Advocates who spoke at a press conference Monday in Washington, D.C.
angrily pointed to statistics that showed a significant acceleration in
immigration enforcement over President Bush’s last year, with over
387,000 immigrants deported since Obama’s inauguration.
As a result, livelihoods were lost, local economies affected, and families split apart, the advocates said.
“These are the same enforcement practices that we marched against
during the Bush administration,” said Angelica Salas, director of the
Coalition for Humane Immigrant Rights of Los Angeles.
On any given day, Salas added, over 32,000 immigrants are under
detention in jails and prisons around the country awaiting deportation.

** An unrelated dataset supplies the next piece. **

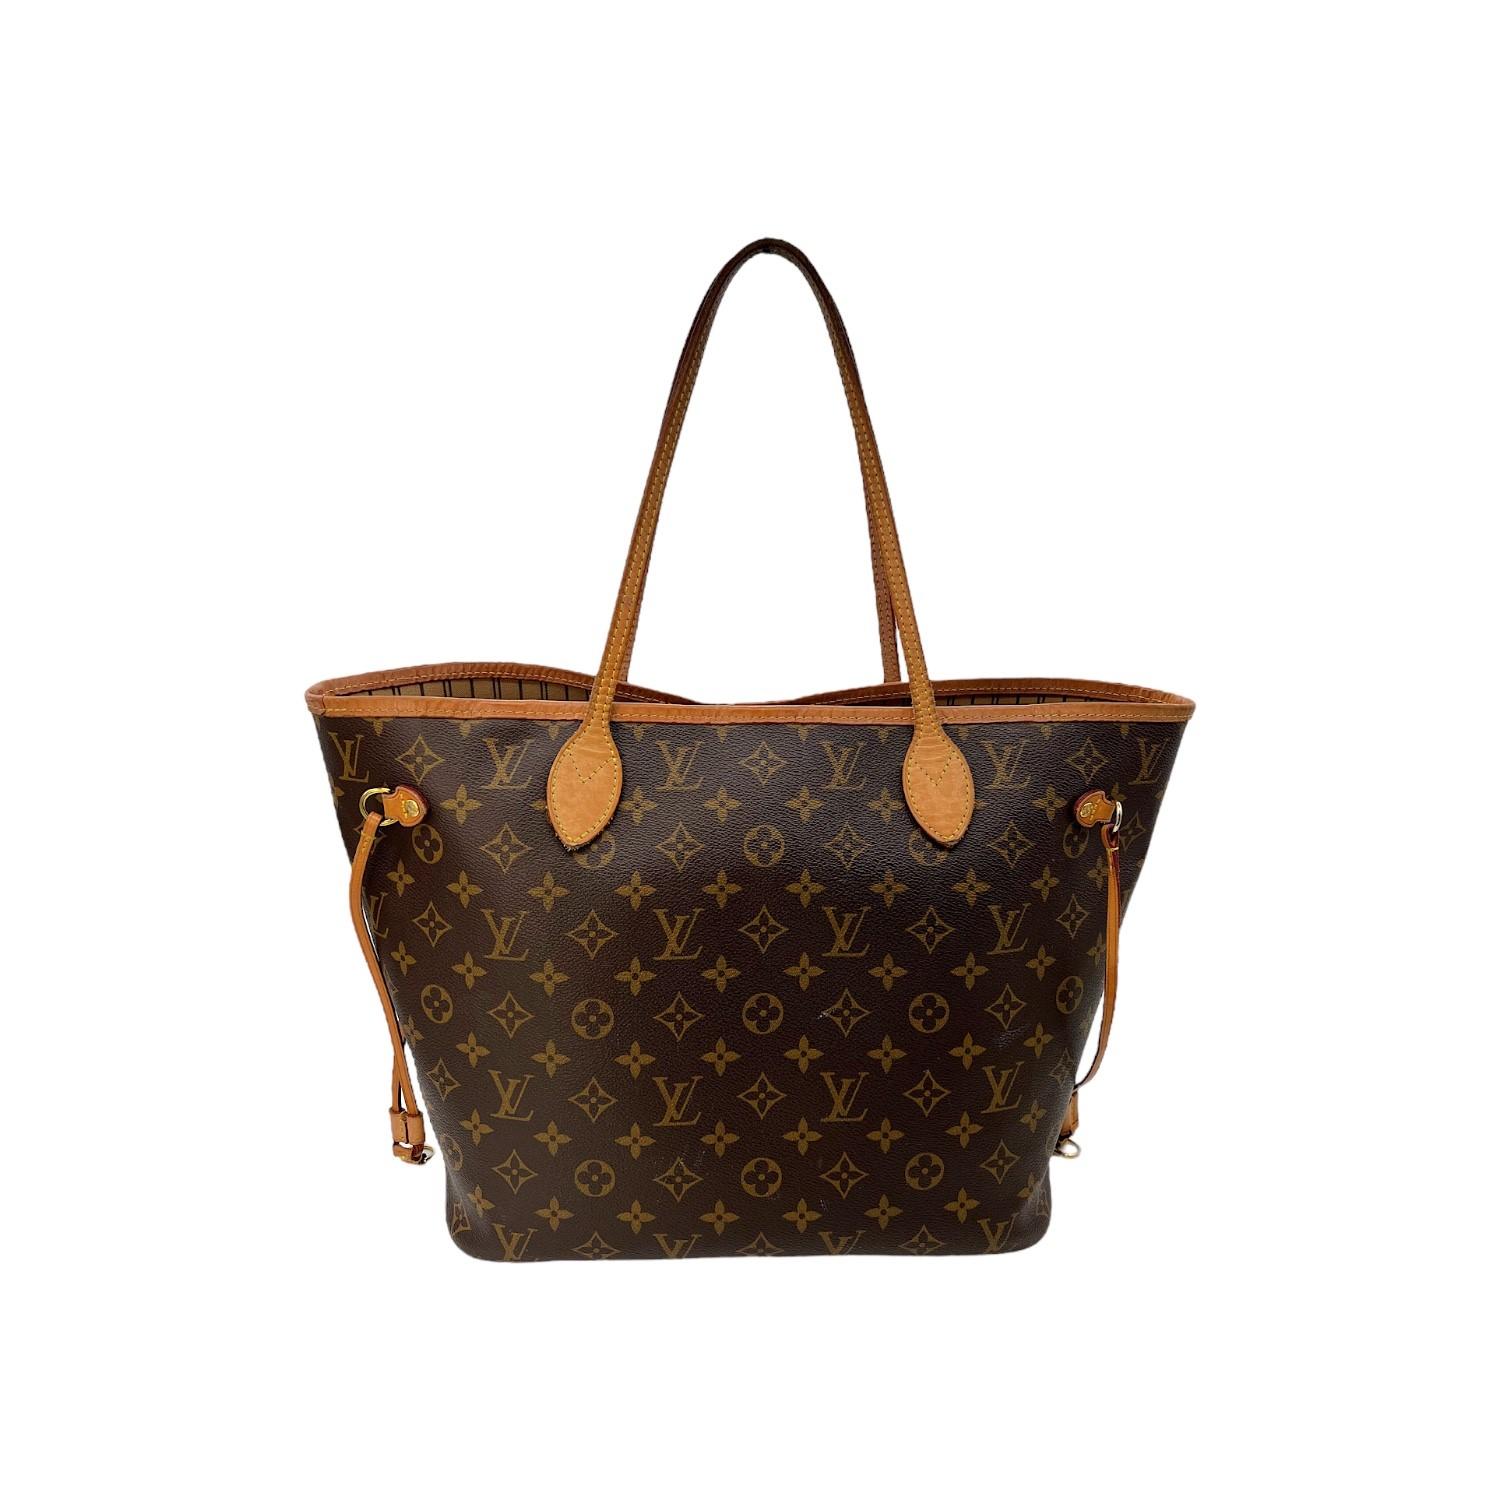 This Louis Vuitton Neverfull MM handbag was made in 2020 in France and it is crafted of the brown Louis Vuitton Monogram coated canvas with leather trimmings and gold-tone hardware features. It has dual flat leather handles and it has an open top

The advocates said they felt betrayed by an Obama administration that
promised to take their concerns into account and then became more
aggressive than its predecessor in cracking down on immigrants.
Brent Wilkes, executive national director of the League of United Latin
American Citizens, or LULAC, a Latino civil rights group, recalled
candidate Barack Obama’s promise at a LULAC event to reform the
country’s immigration laws in his first year in office.

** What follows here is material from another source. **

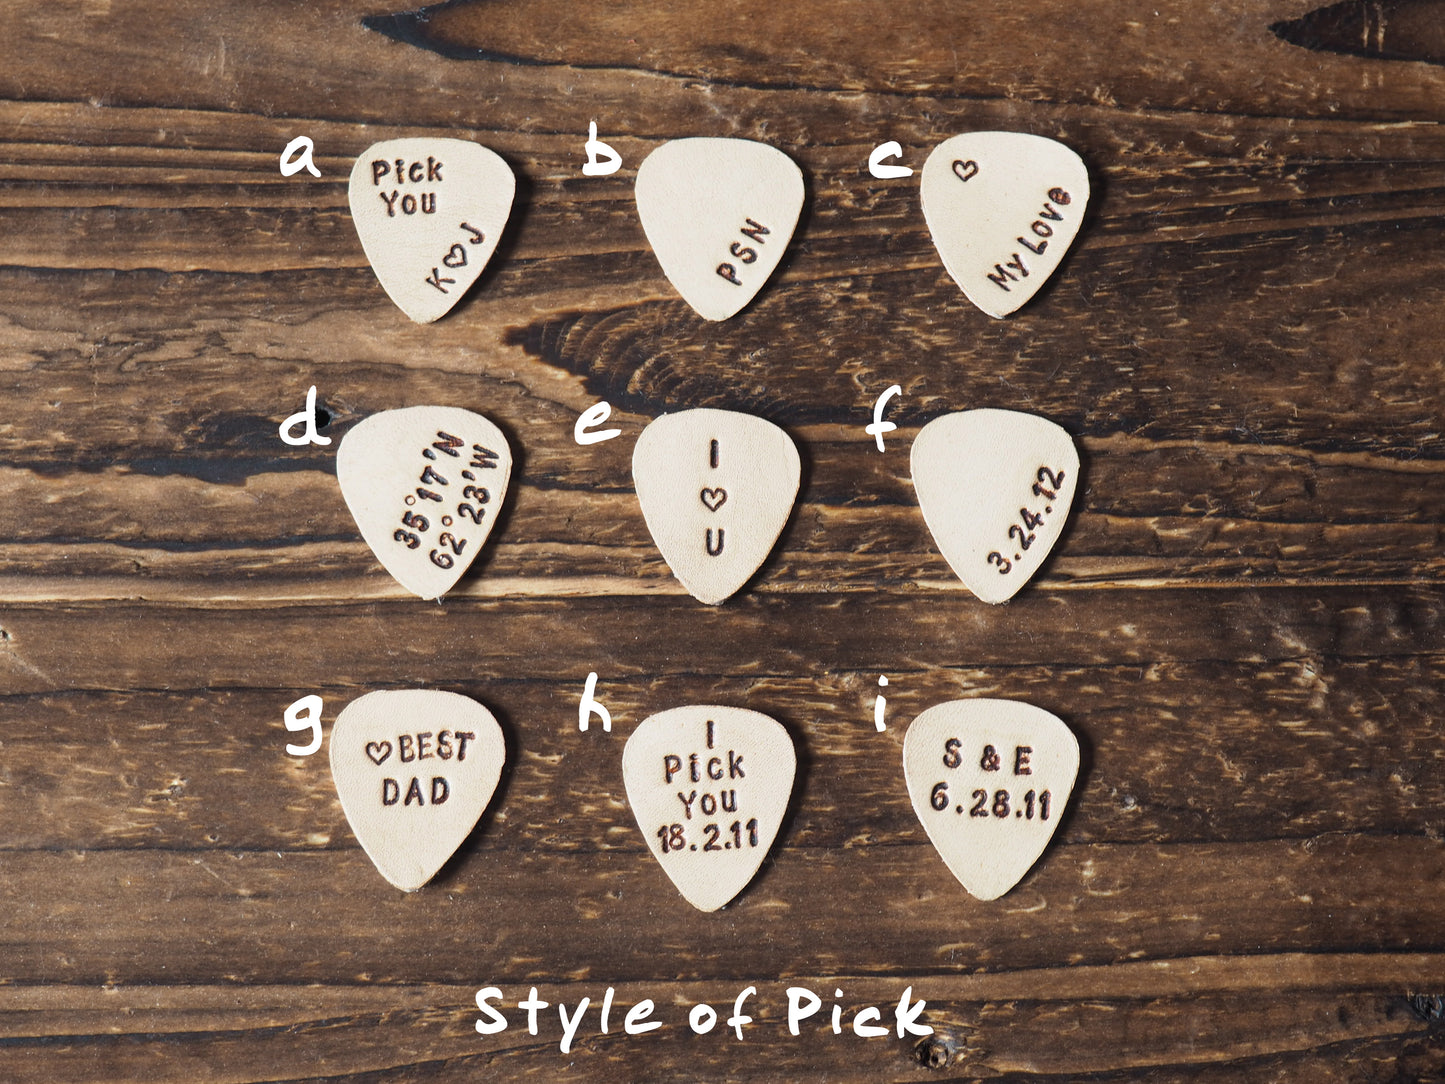 Get your 2nd engraved Leather Pick for $5

Wilkes said many LULAC members believed this promise, which hasn’t yet been fulfilled.
“But one thing they never believed in their wildest dreams is that
President Obama would have a record like this, where he surpassed the
Bush administration in deportations,” Wilkes said. “It is
unconscionable to have over 387,000 deported in the first year of an
Obama presidency, and our community is angry.”
A video of the event at the National Press Club in Washington, D.C. is available for streaming at C-Span 2 . The advocates called on President Obama and Congress to halt deportations until the system gets an overhaul.
The press conference came on the same day President Obama was scheduled
to meet with Sen. Charles Schumer (D-NY) and Sen. Lindsey Graham (R-SC)
in an effort to nudge immigration legislation forward.
One of the presenters today was a schoolgirl named Beatriz whose family
was targeted by an Immigration and Customs Enforcement inquiry. She
tearfully described how federal agents trailed her in order to
investigate her parents.
Wilkes said roughly 5.5 million U.S. citizen children nationwide have
at least one parent who is an unauthorized immigrant and that
deportations inevitably lead to broken households.
“This administration seems proud to out-enforce the Bush
administration,” added Pramila Jayapal, executive director of the
Seattle-based OneAmerica group.
The advocates also contended that the immigration audits or “paper
raids” that have replaced workplace raids under Obama are just as
damaging to immigrant communities and the businesses that depend on
them.
The advocates, part of the Fair Immigration Reform Movement coalition,
plan to join other advocacy coalitions as well as labor and faith
groups in a pro-immigration march on Washington, D.C. March 21.